Concept Explanation: The area is given by the integral of the curve from \(x = -3\) to \(x = 3\). Area = \(\int_{-3}^{3} (9 - x^2) dx\). Since it's an even function, \(2 \int_{0}^{3} (9 - x^2) dx = 2 [9x - \frac{x^3}{3}]_{0}^{3} = 2 [27 - 9] = 2(18) = 36\) sq. meters.

Correct Answer: Option B (\(\frac{1}{\sqrt{10}}\))

Concept Explanation: Let \(\cos^{-1}\left(\frac{4}{5}\right) = \theta \implies \cos\theta = \frac{4}{5}\). We need to find \(\sin(\frac{\theta}{2})\). Using the half-angle formula: \(1 - 2\sin^2(\frac{\theta}{2}) = \cos\theta \implies 1 - 2\sin^2(\frac{\theta}{2}) = \frac{4}{5} \implies 2\sin^2(\frac{\theta}{2}) = \frac{1}{5} \implies \sin^2(\frac{\theta}{2}) = \frac{1}{10}\).
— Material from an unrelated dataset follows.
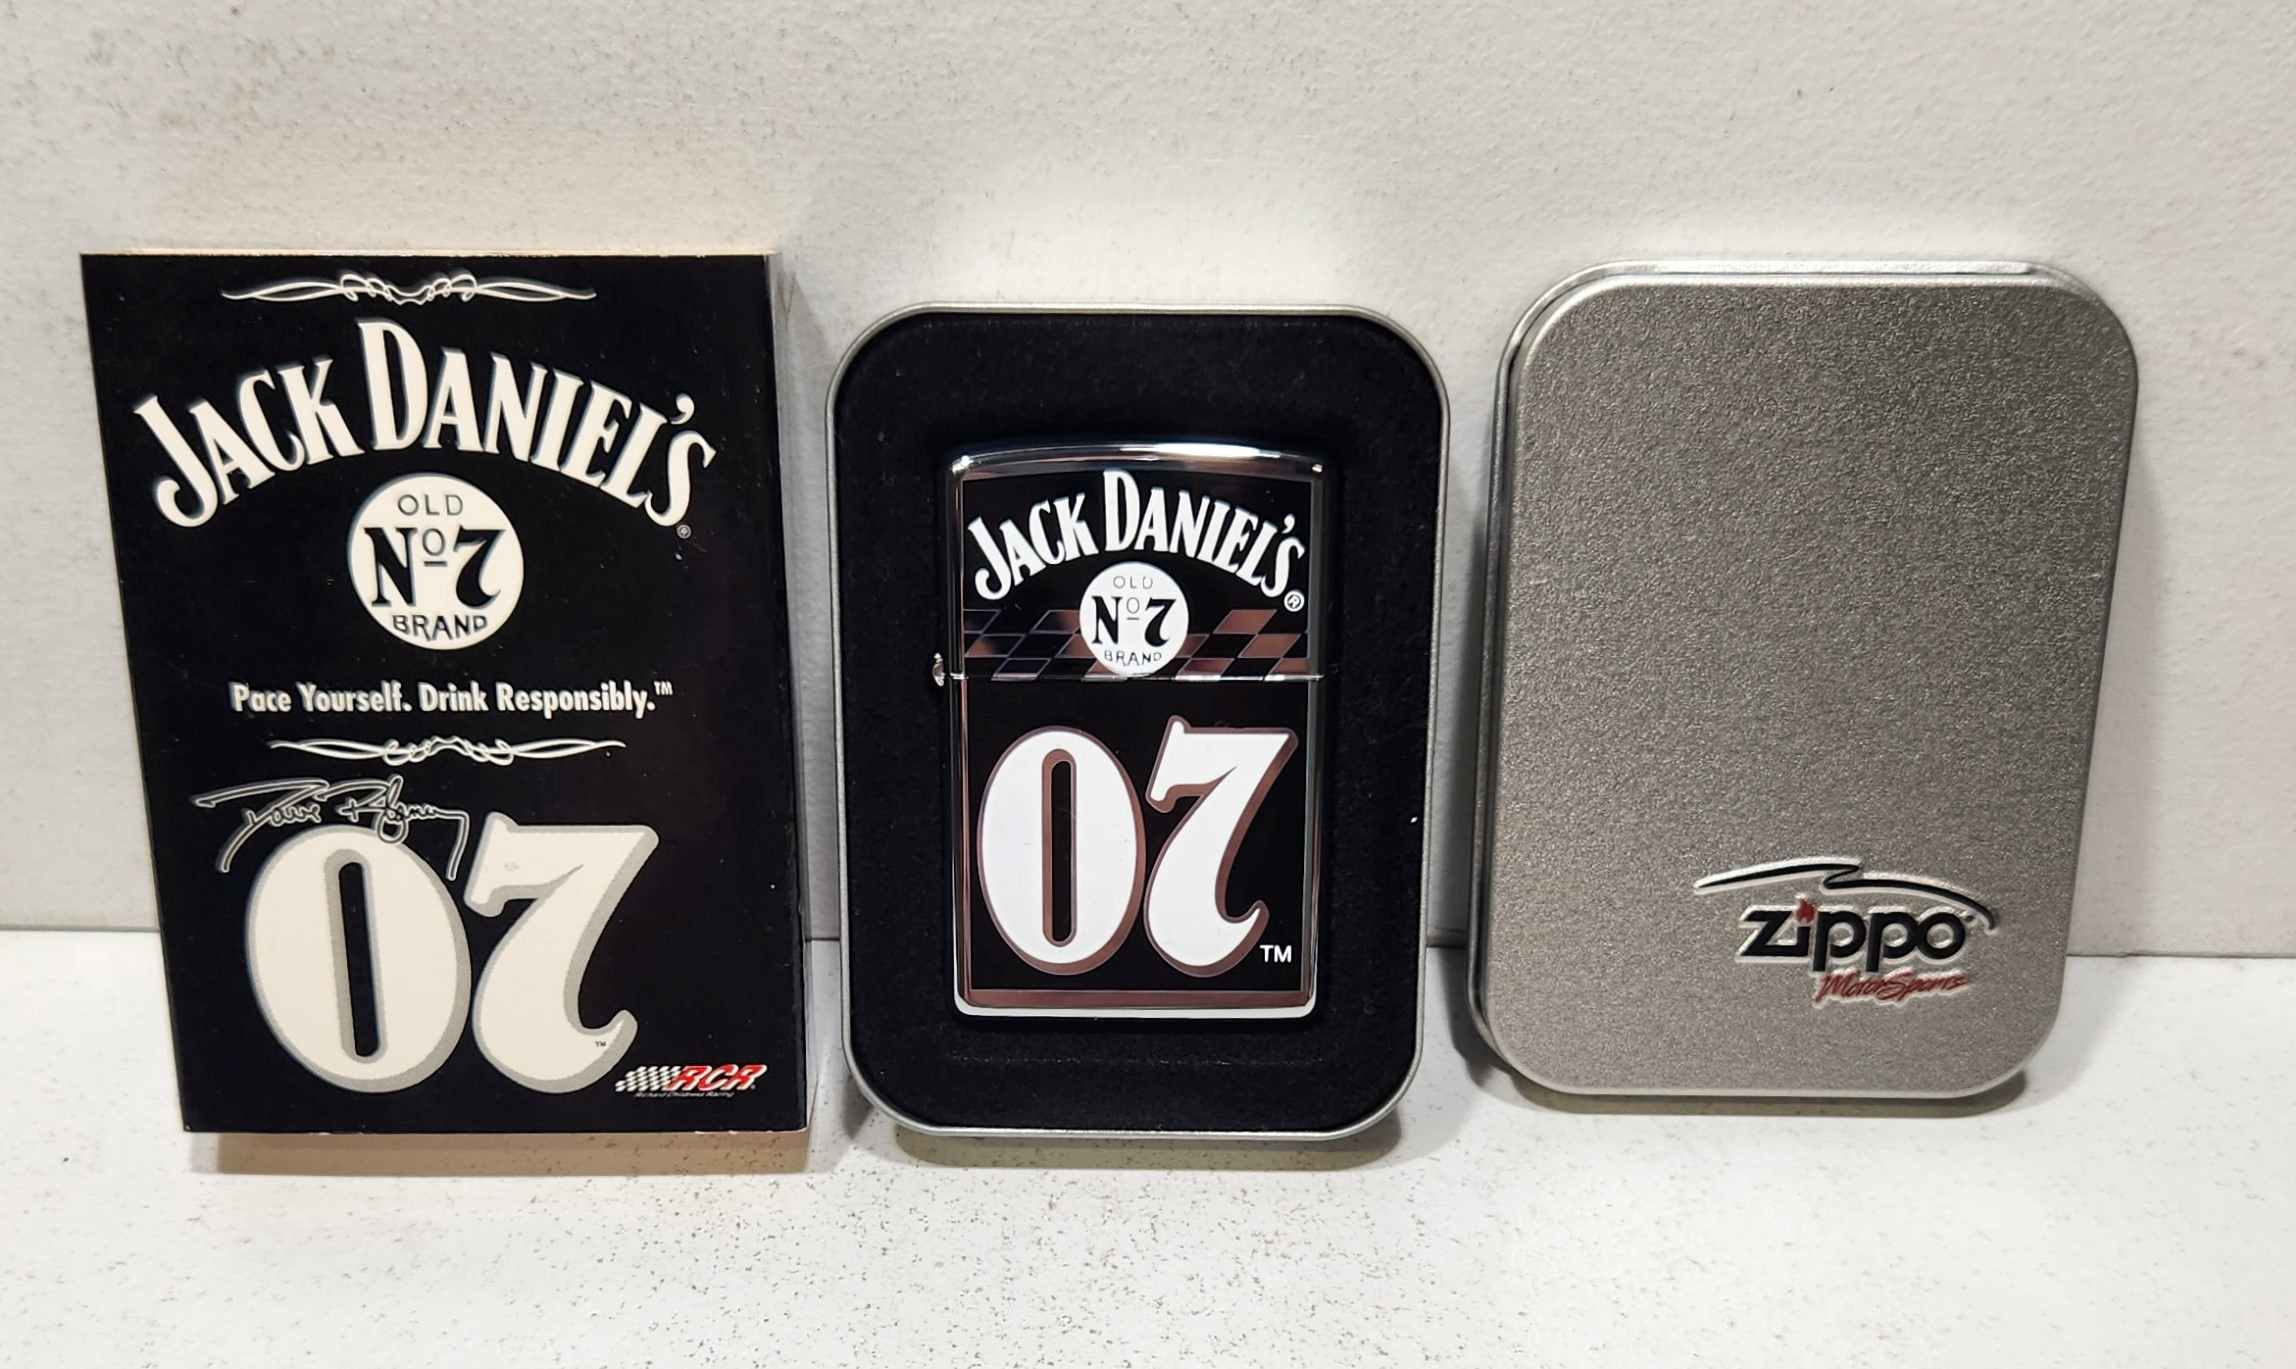 2005 Dave Blaney "Jack Daniels" Zippo lighter

Since \(\theta\) is in quadrant I, \(\sin(\frac{\theta}{2})\) is positive, so \(\frac{1}{\sqrt{10}}\).

Correct Answer: Option A (1)

Concept Explanation: While exponential forms of derivatives usually make the degree "not defined," this equation can be algebraically manipulated to isolate the derivative. Taking the natural logarithm of both sides gives \(\frac{dy}{dx} = \ln x\). Here, the highest order derivative has a power of 1, and the equation is a polynomial in its derivatives. So, the degree is 1.
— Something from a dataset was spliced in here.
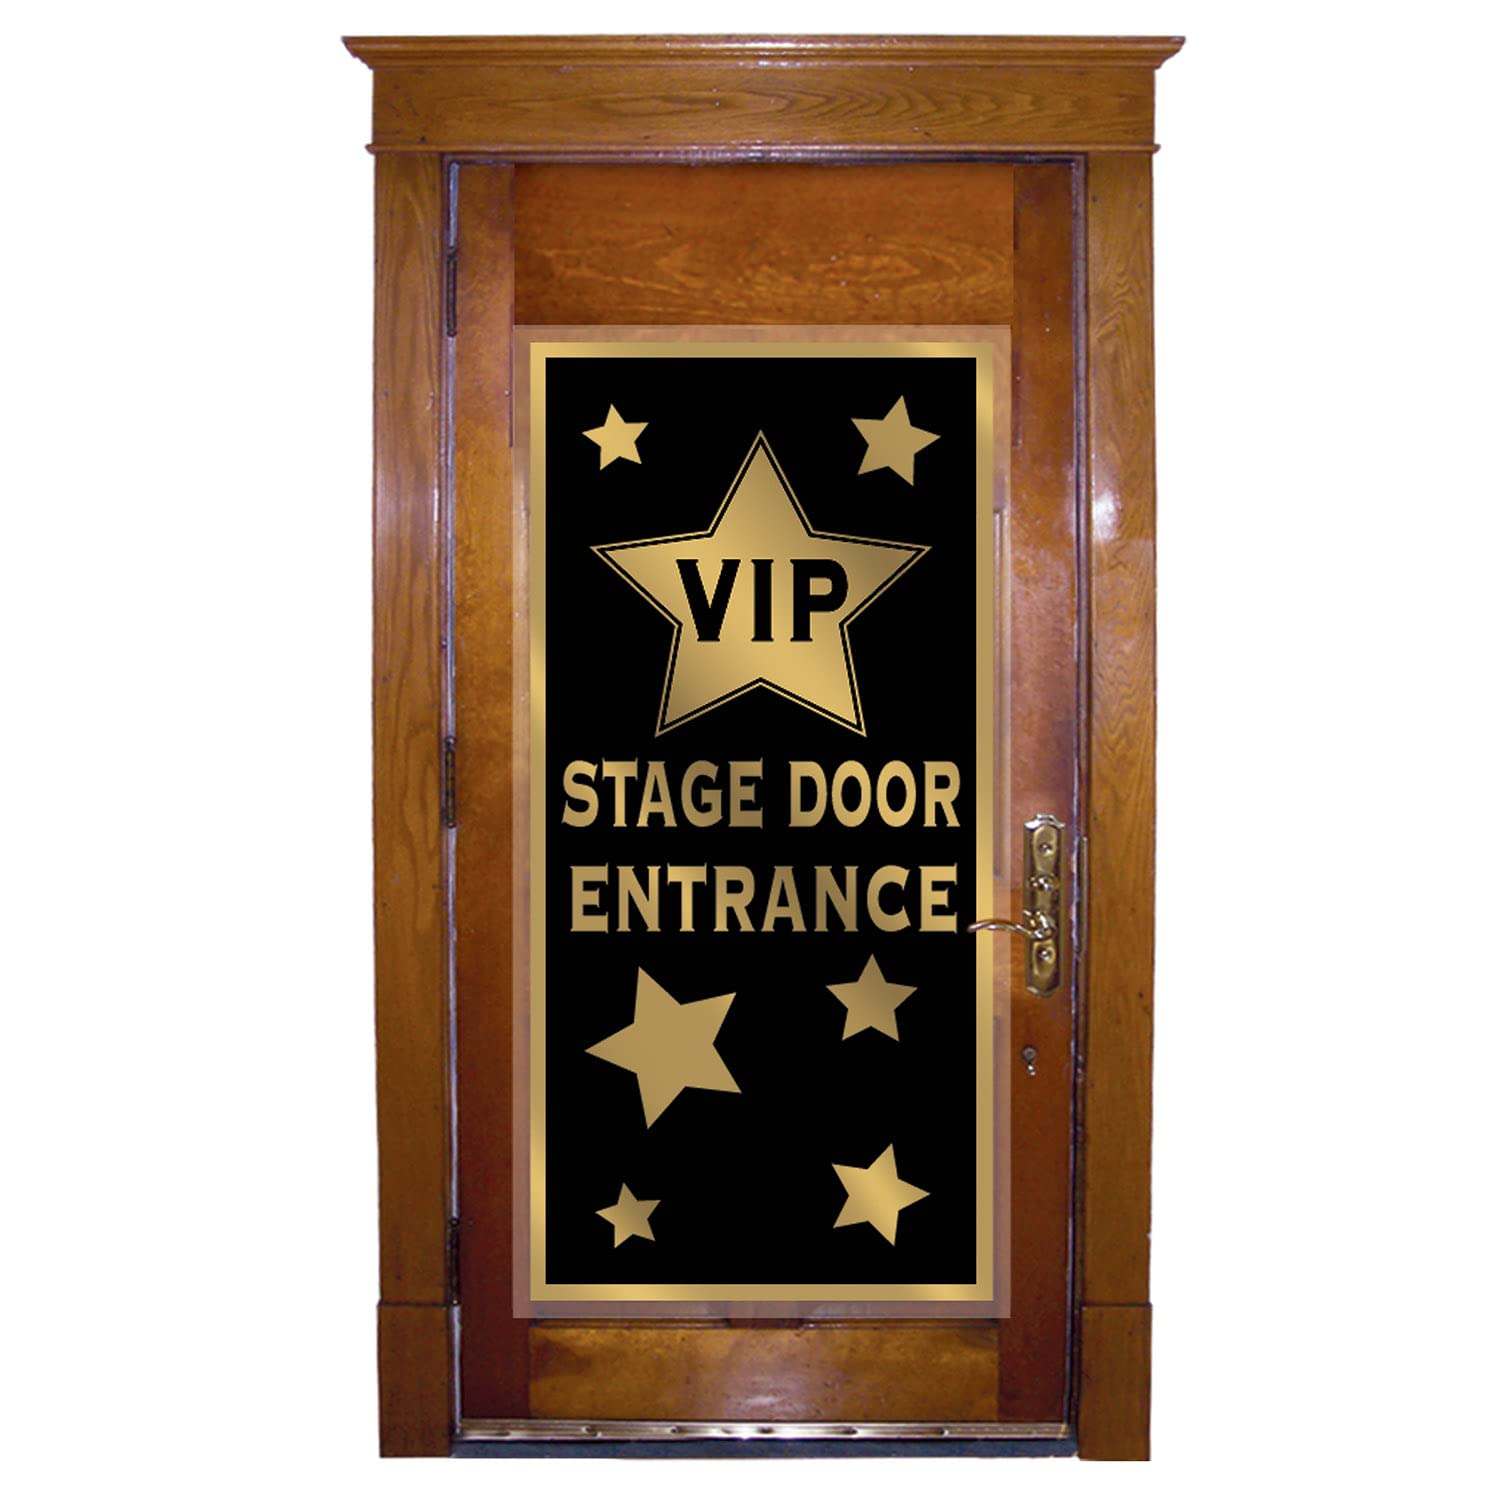 VIP Stage Door Entrance Door Cover Party Accessory (1 count) (1/Pkg)

Correct Answer: Option C (\(\pm 8\))

Concept Explanation: The property relating a matrix and its adjoint's determinant is \(|adj A| = |A|^{n-1}\), where \(n\) is the order of the matrix. Here \(n = 3\), so \(|adj A| = |A|^{3-1} = |A|^2\). We are given \(|A|^2 = 64\), which means \(|A| = \pm 8\).